Human Auditory Processing and Speech Recognition – tcworld India 2016
I’m attending tcworld India 2016 in Bangalore. Pavithra Garre gave a presentation entitled “Human Auditory Processing and Speech Recognition—Potential Latencies and Benefits for Documentation”. These are my notes from the session. All credit goes to Pavithra, and any mistakes are my own.
Pavithra Garre is an engineer in design technology at Samsung Electronics in South Korea. She started by showing us a video clip about communication as an innate human ability, and about the vision of interacting with computers via speech recognition, and the evolution of speech recognition technology.
Pavithra’s presentation was very interactive. She asked questions and chatted to the audience throughout. The presentation covered the layers of speech recognition architecture, the modes of speech recognition, speech identifiers and tagging, CMS interpretation and custom delivery.
Pavithra described a three-layer architecture:
- Speech recognition: There are different modes of speech recognition: converting digital audio to simpler acoustic forms; matching units of speech; a complex lexical decoding system based on pattern matching; applying grammar, such as in predictive typing; and phoneme identification. There are challenges in speech recognition technology, such as background noise reduction, the size of the data gathered and data compression to reduce this size, and the problem of energy consumption.
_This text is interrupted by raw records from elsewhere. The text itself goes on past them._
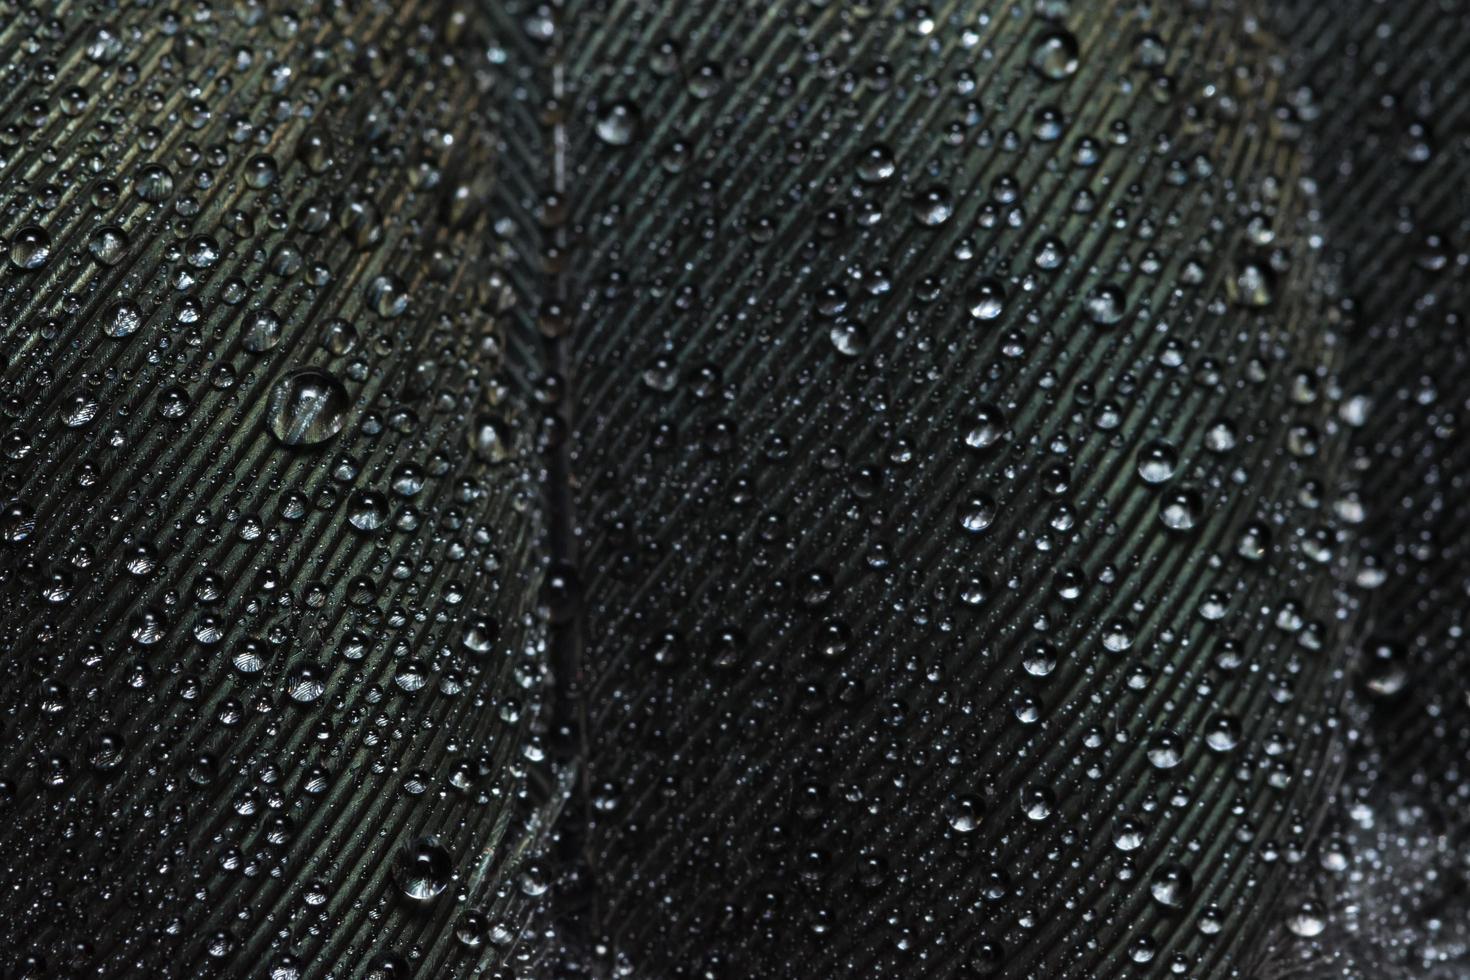 vattendroppar på en fjäder foto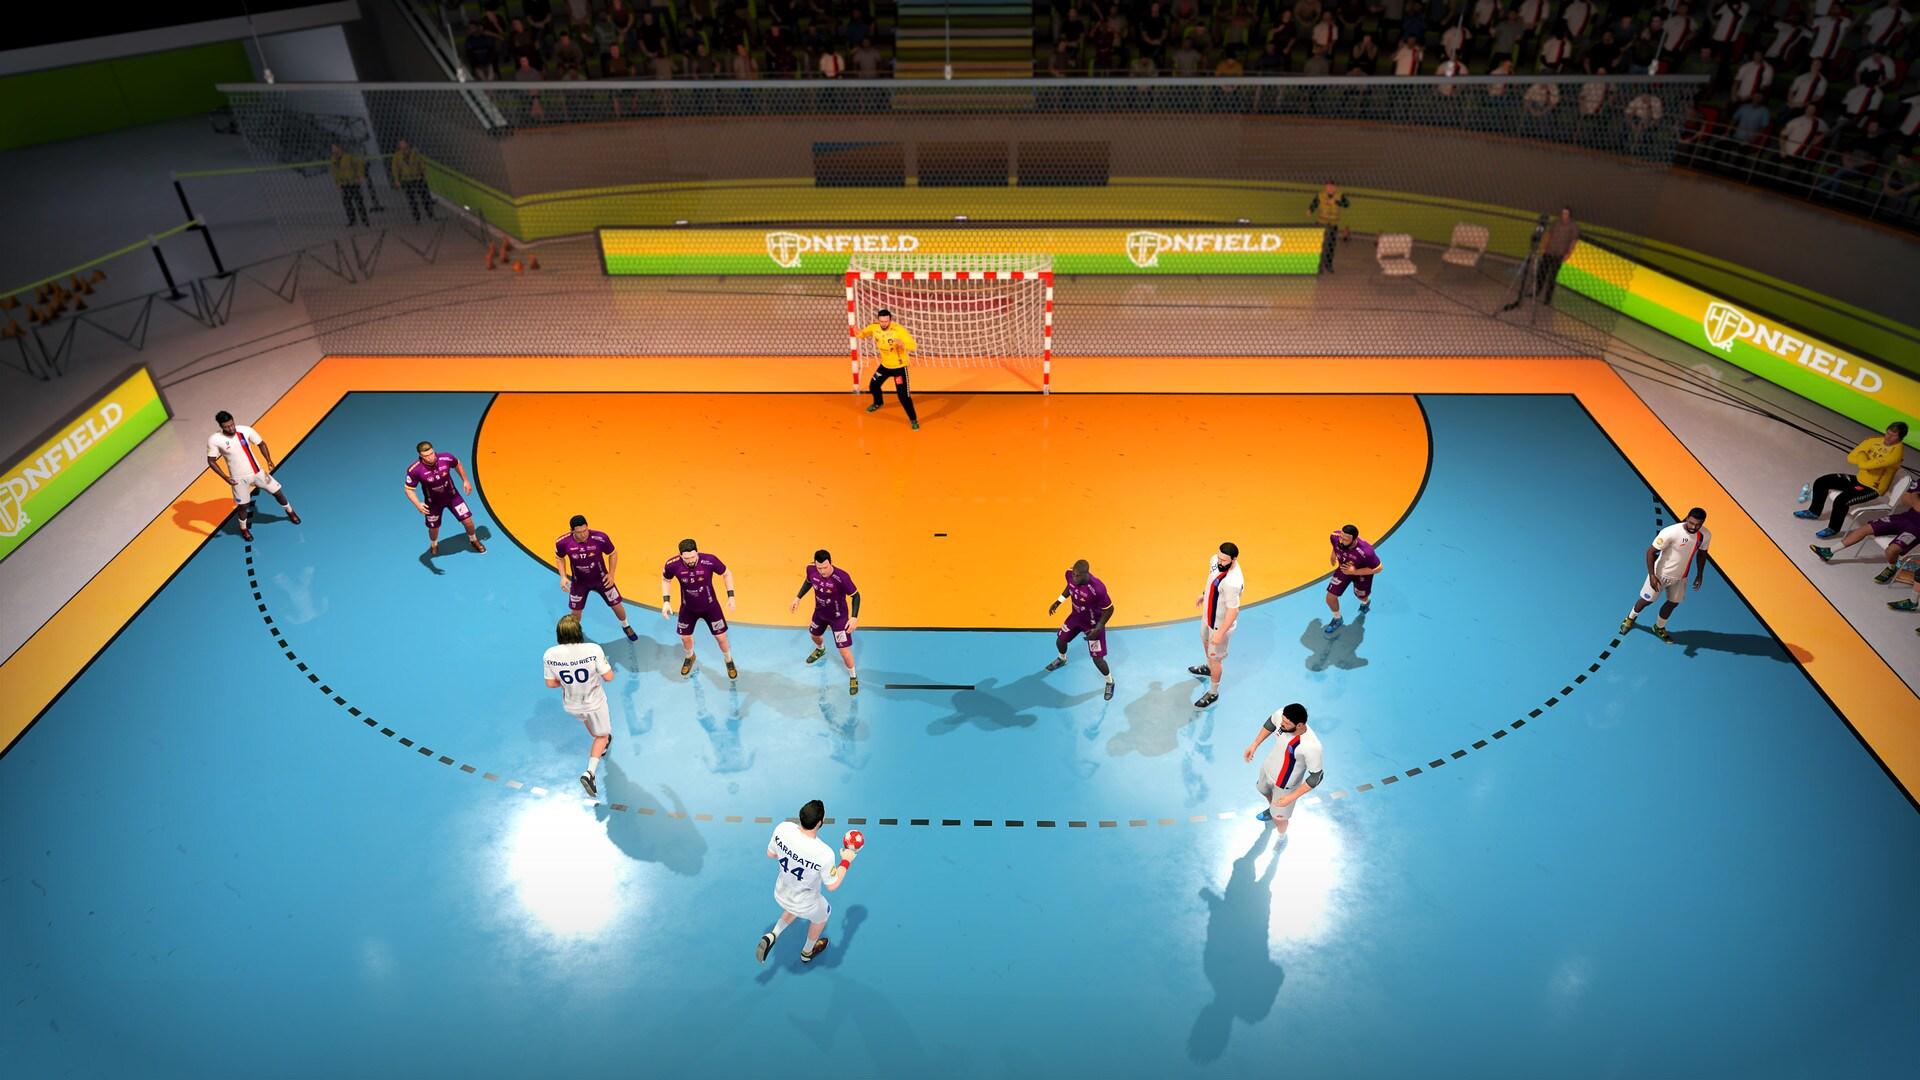 Handball 21 (PC) - Steam Gift - JAPAN - 3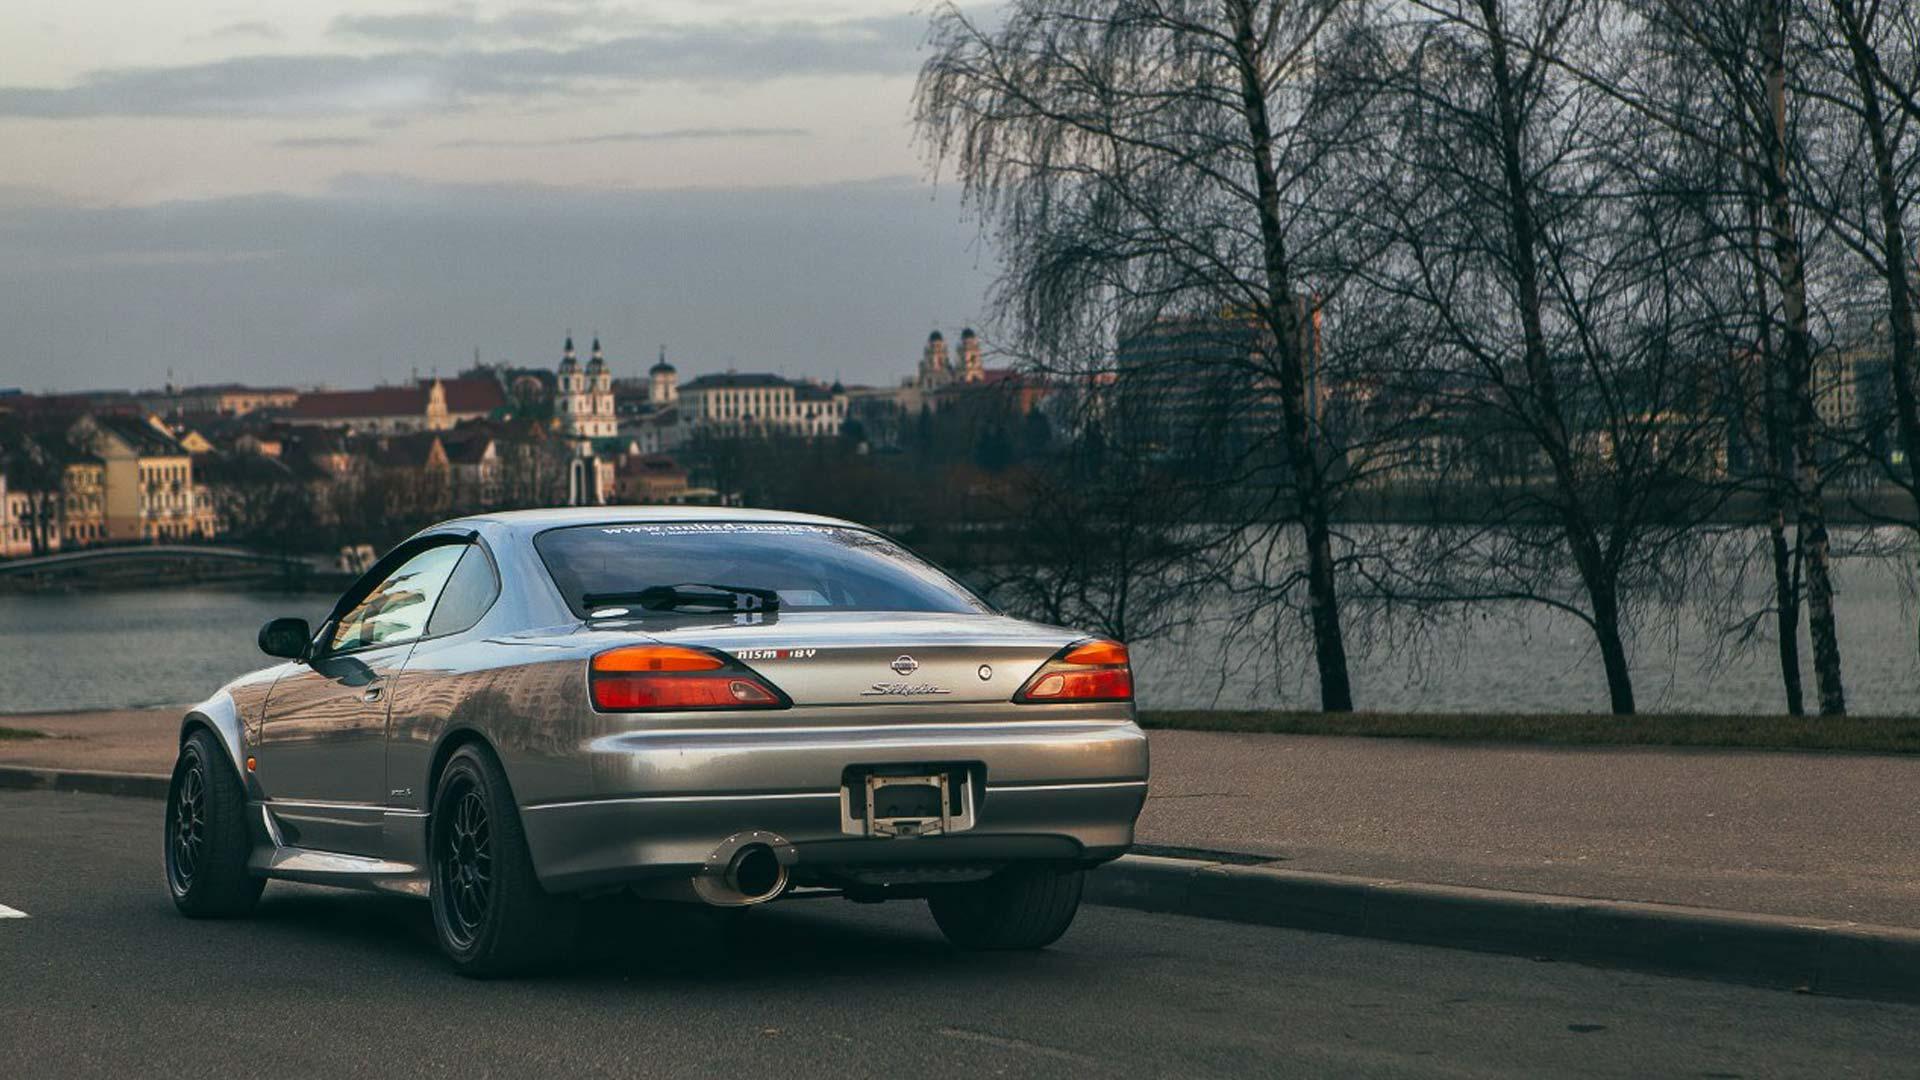 Nissan S15 Drift Limits Performance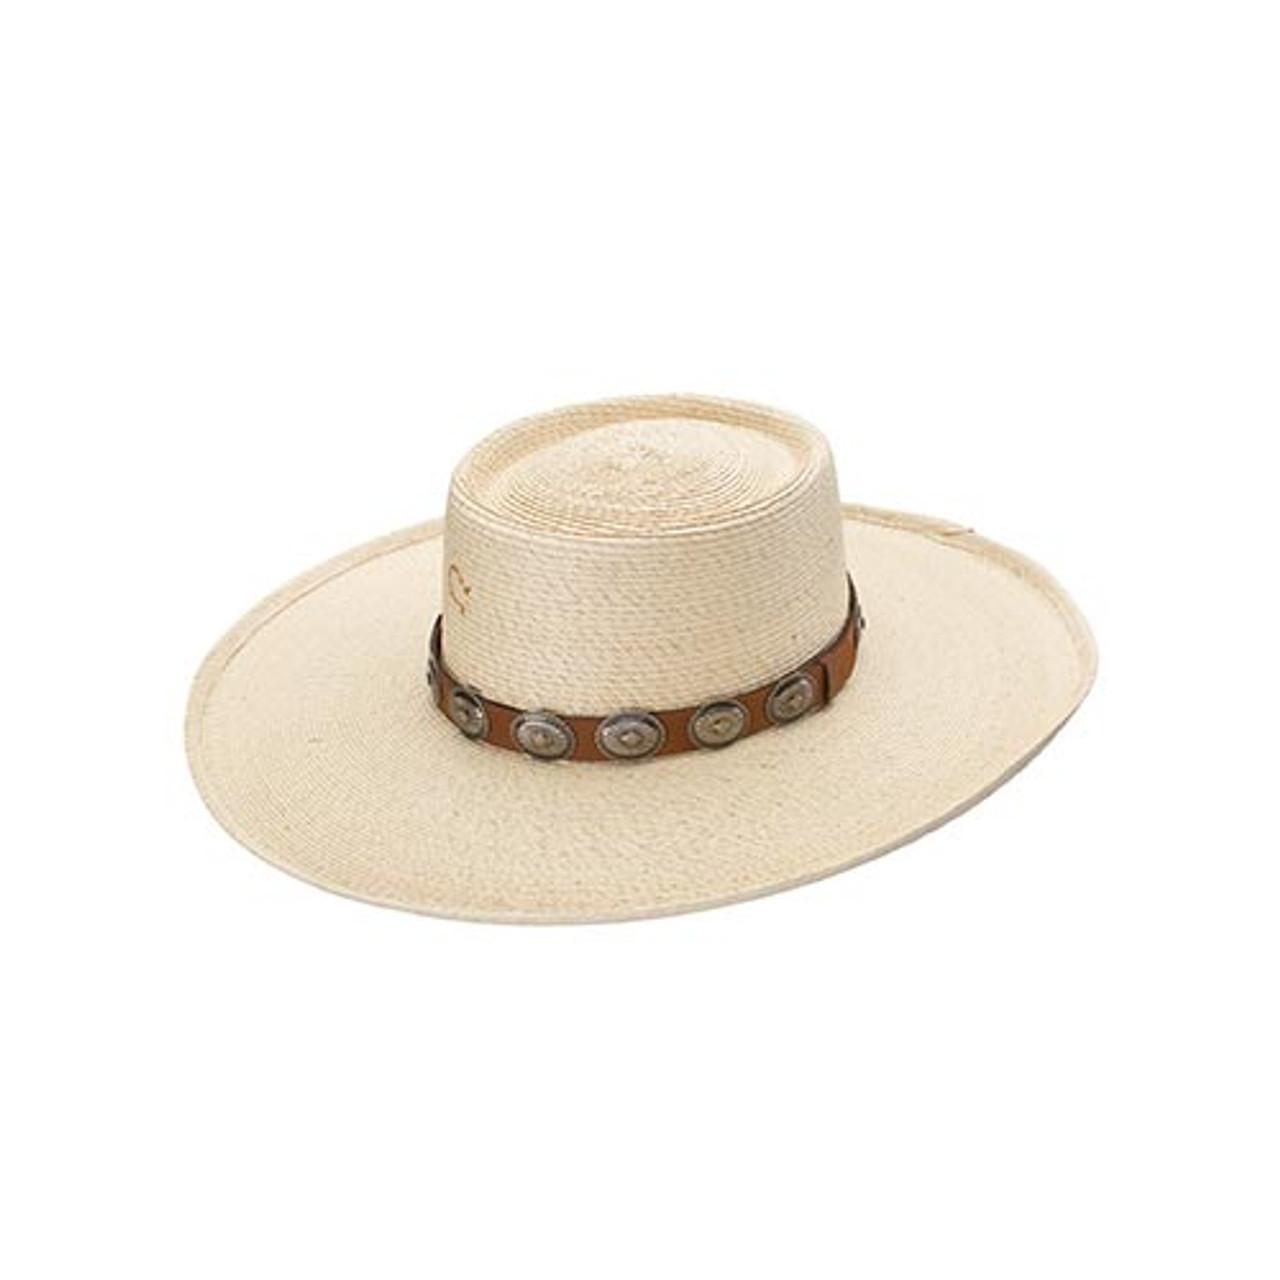 d3ede7940 Charlie 1 Horse Womens - High Desert Palm Straw Hat

- Tagging the different elements of speech to present to the CMS: The software needs to identify what the person is talking about, and tag each element appropriately. Once the speech is tagged, it becomes data. Examples of tags may be a form of XML, or VTML, or a more complex tagging format like ID3 or ID3V2Easy.
- Documentation in a database: Content is information plus data. The indexed tag and associated content are combined to form or retrieve a document, in what Pavithra calls “CMS interpretation”.
Some well known examples of speech recognition software:
- Siri by Apple
- Genie by Microsoft
- Google Speech
- and more
Where can we use this technology and the voice bank containing the derived content?
- Marketing agility
- Big data and analytics
- Resolving disputes about customer interactions in a help desk (this suggestion came from the audience)
- Better performance
Pavithra also described things you need to take into account, such as data volume and data migration.
There was a lively and interested discussion at the close of the presentation. Thanks Pavithra for an interesting presentation!